Orbit ossifying fibroma - Case report and literature review.

BACKGROUND: Ossifying fibroma (OF) is benign bone lesions, most frequent in young children, more common in the maxillary sinus and mandible (75-89%), the pathogenesis of the tumor is not clear, there are many subtypes of OF. This paper aims to report an OF a case and literature review. CASE DESCRIPTION: Male, 19 years old, with a progressive history proptosis since 2012, diagnosed as a right supraorbital lesion at an external service and assigned to conservative management. Then, he evolved with double vision, which worsened in February of 2018, associated with a moderate headache. On admission: proptosis and downward deviation of the right orbit was noticed on the physical exam and with exception of limited right upgaze, external ocular movements were maintained. Head computed tomography showed a multiloculate expansive osteolytic lesion at the right orbital roof. On magnetic resonance imaging, the lesion had an inner content with septations, T1-weighted imaging heterogeneous signal, T2-weighted imaging high signal intensity, and peripheral contrast enhancement. The patient underwent a right frontal craniotomy with a gross total resection and the postoperative follow-up was uneventful. Menzel reported the first case in 1782. The clinical findings depend on localization. There are five subtypes. In general, the lesions have a radiological appearance with hyperdense boundary and cause deformity and destruction in bones with high recurrence risk. Radical resection is curative.
CONCLUSION: As a result, the correlation of clinical, radiologic, and pathologic data is significant while going for a specific diagnosis in cases of craniofacial fibrous lesions. Total excision is the best treatment, but it can recur. Copyright:

INTRODUCTION

Ossifying fibroma (OF) is benign bone lesions, most frequent in young children (10 years). They are more found in the maxillary sinus and mandible (75–89%). It has also been reported in the paranasal sinuses, frontal, ethmoid, and sphenoid bones, and orbital roof.[15]

Primary orbital bone tumors represent 0.6–2% of all orbital tumors and 23% of all lesions involving bone, the most common of which are fibrous dysplasia (FD) and osteoma. The incidence of orbital OF is difficult to estimate; however, a review of 3000 fibro-osseous lesions collected by the Armed Forces Institute of Pathology reported 30 cases.[7,15]

The pathogenesis of the tumor is not clear and a few theories have been proposed. Trauma has been suggested as a biological factor. A developmental abnormality has also been recommended since this tumor usually arises from membranous bone and occurs in patients in a young age group.[15]

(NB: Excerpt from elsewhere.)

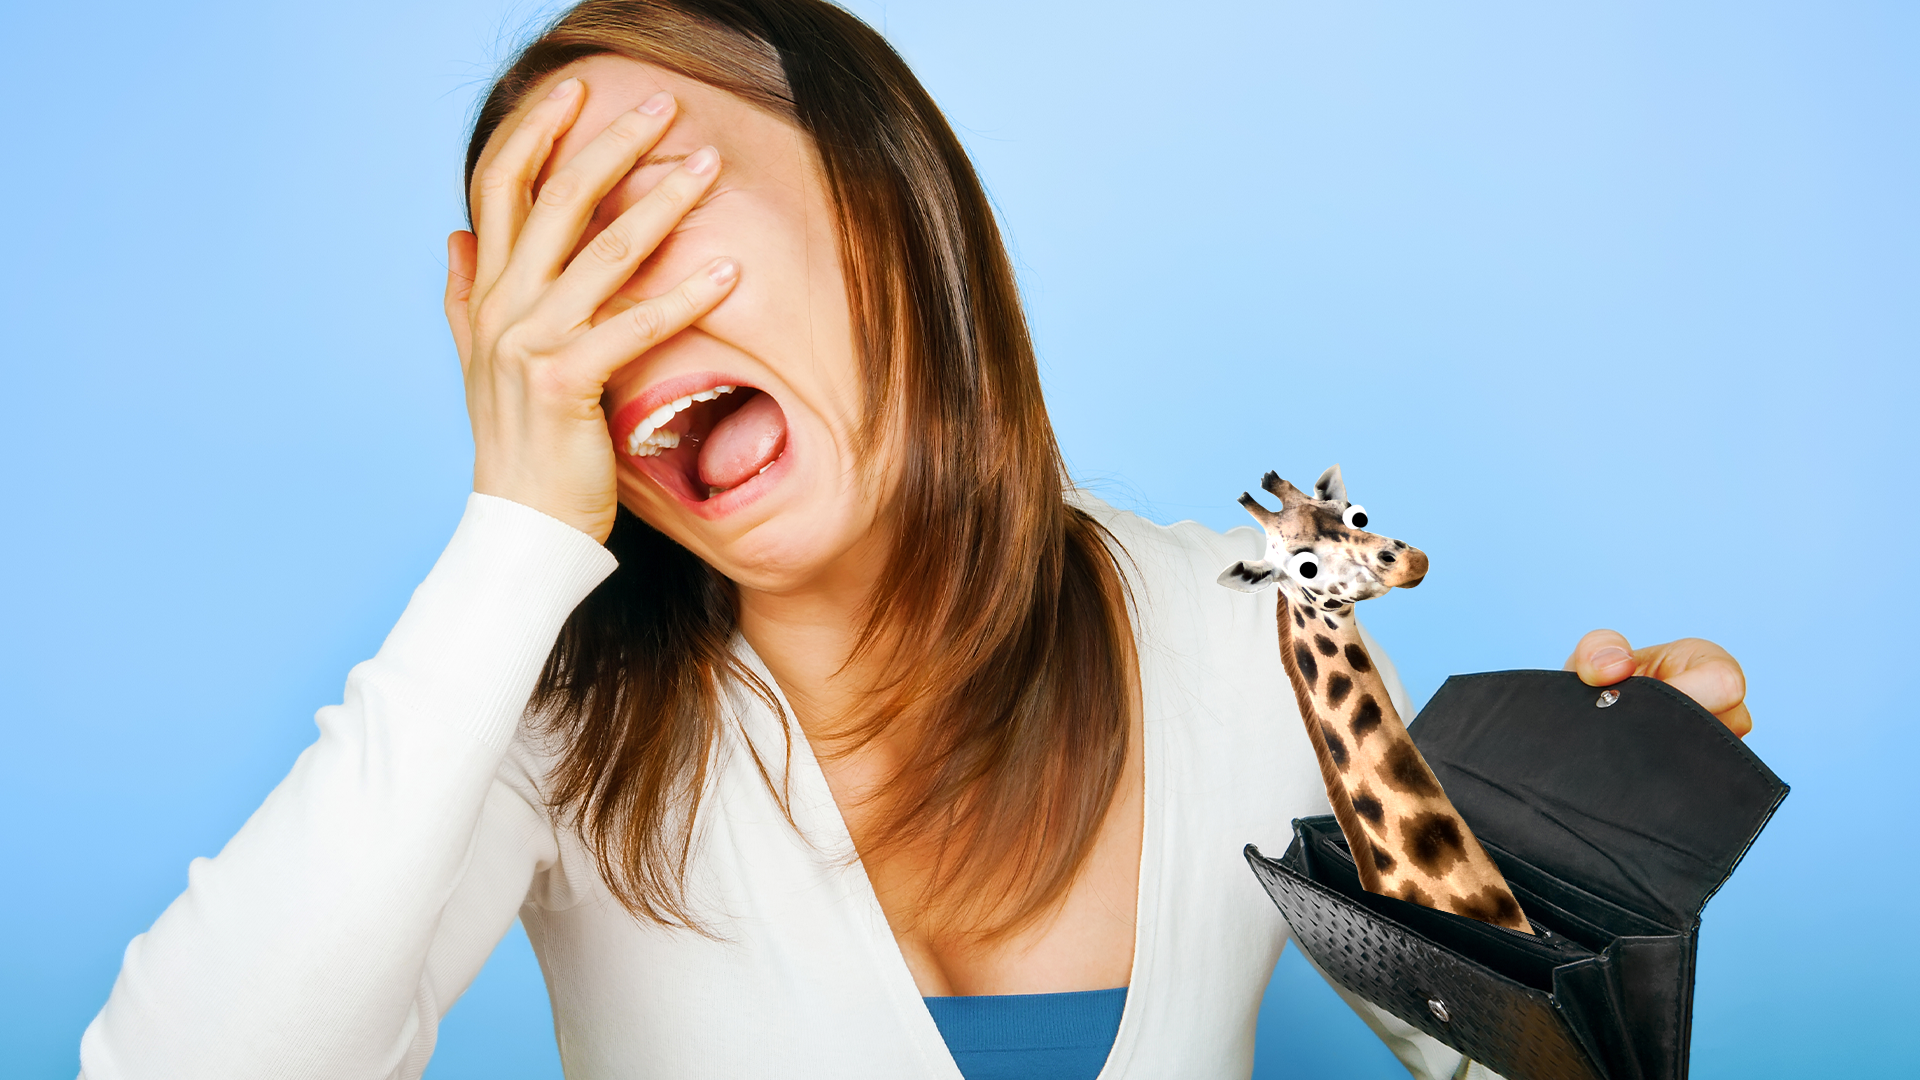 Distraught woman with empty purse with giraffe peering out

They are generally slow-developing benign tumors. However, these lesions are destructive and have a high risk of recurrence unless surgeons eradicate them. The term juvenile is used primarily in children and a young adult population occurrence and can be more aggressive than adults. OF which arise on the middle face and the paranasal sinuses are also more aggressive.[6,12]

CASE REPORT

D.L.F., male, 19-year-old, presented a progressive proptosis in 2012, associated with occasional mild headache. On the same year, he sought medical consultation at an external service and after imaging investigation, a right supraorbital lesion was found. It was decided conservative management with imaging follow- up. Three years later, the patient joined a phosphoethanolamine clinical trial, which he left after approximately 1 year. At that time, he also presented with double vision. On February of 2018, the headache worsened, as well as the diplopia. Due to the worsening, he was referred to the Hospital das Clinicas at the University of Sao Paulo. In the neurological exam, he was alert and oriented; there was proptosis (Grade I) and downward deviation of the right eye. The external ocular movements, visual acuity, and campimetry were preserved, and there were no motor or sensorial impairments.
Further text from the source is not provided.